Network monitoring tracks the state of the network and is primarily looking for faults. At the most basic level, we want to know if devices and interfaces are "up." This is a simple binary reachability test. Your device is either reachable or not, it's either "up" or "down." However, just because a device is reachable does not mean there are no faults in the network. If a circuit is dropping packets, performance may be impacted and can make the circuit unusable even though it is "up." Time to stop thinking in terms of reachability and start thinking in terms of availability.

Availability is a service oriented concept that asks, "is the service this widget provides available to its users?" Is the service 100% available or is it degraded in some way? Here are some examples of situations that simple reachability monitoring has difficulty detecting:

  • A circuit is dropping packets somewhere in your WAN provider's network. It is "up," but throughput is reduced.
  • A circuit is congested and latency has shot through the roof. The circuit is still "up." There may not be anything technically wrong with the circuit, but it isn't really usable to the end users.
  • A router is using 100% of its memory. It is processing packets slowly or perhaps it is not able to add new routes. It may still be "up."
  • An Ethernet interface in a port aggregation group is down or perhaps it was one blocked by Spanning Tree.
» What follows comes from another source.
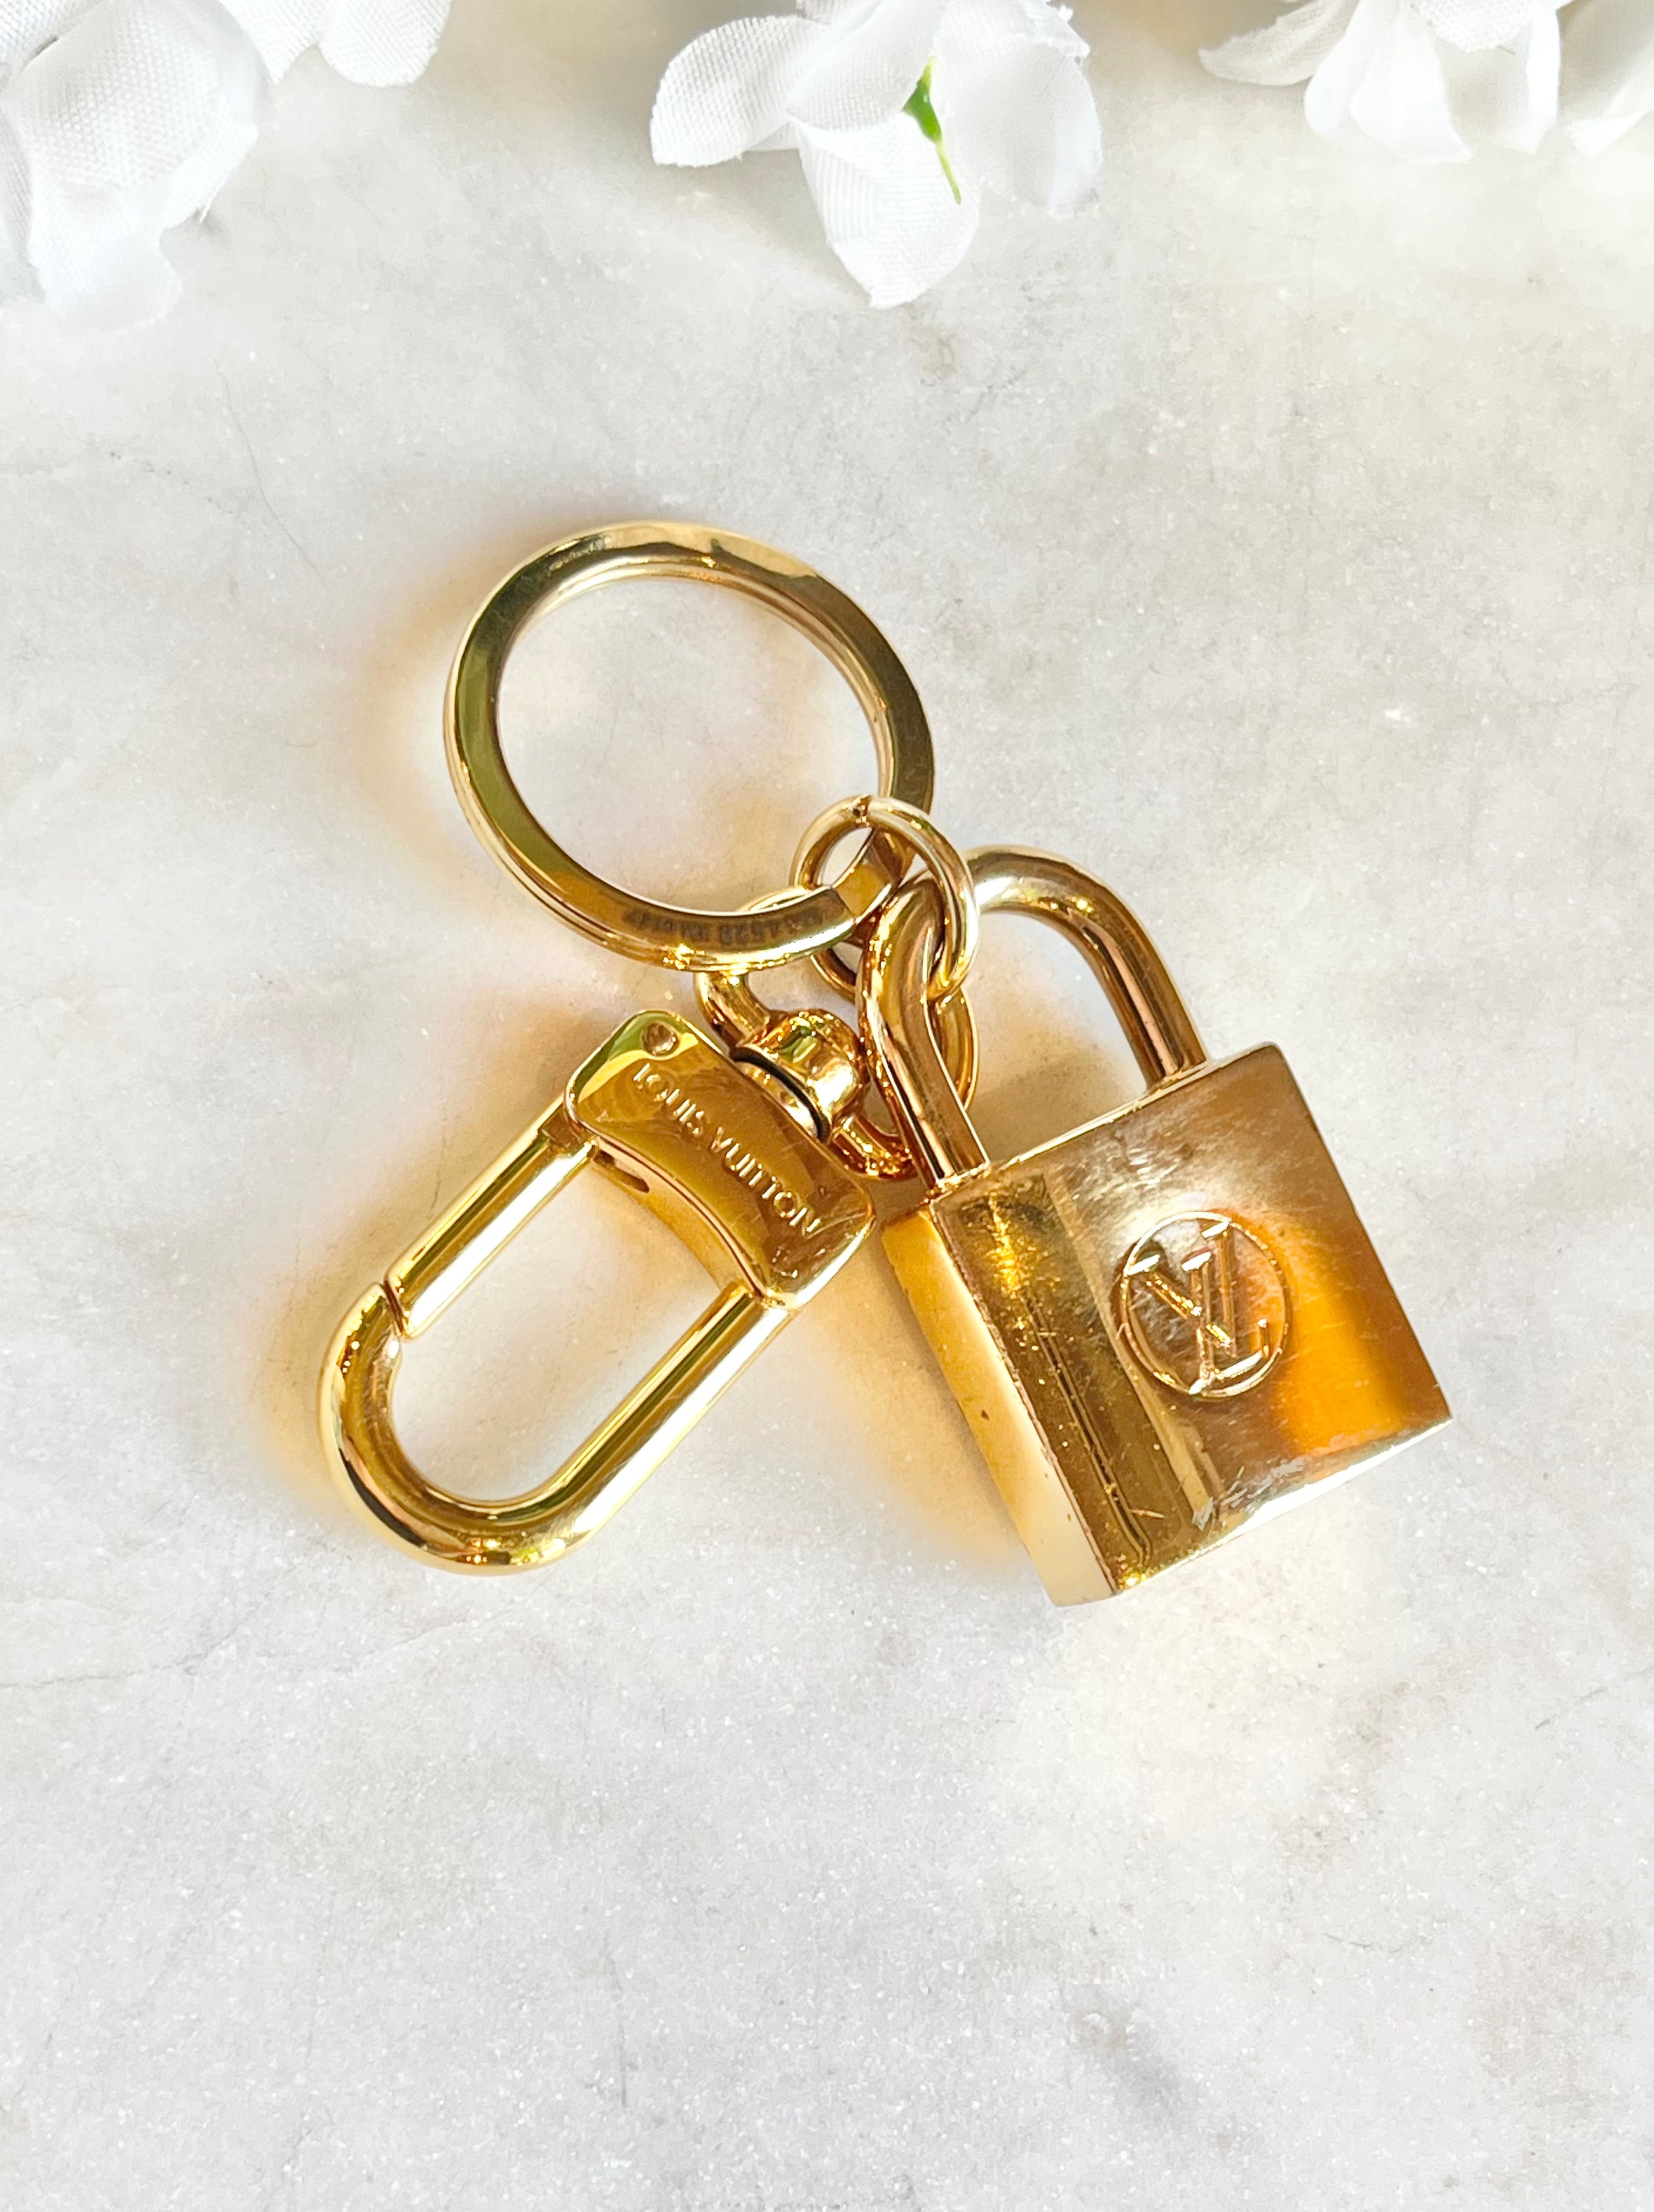 Louis Vuitton Pochette Extender Key Ring - Gold Keychains

While an interface will be down, from the packet perspective everything is still "up."

In the first two cases, you will probably hear about it from the end users. In the last two cases, you might not know about them until something else changes in the network that causes a (possibly confusing) outage. And probably a bunch of trouble tickets.

Are you thinking in terms of availability or reachability? Is your NMS configured to match your mindset?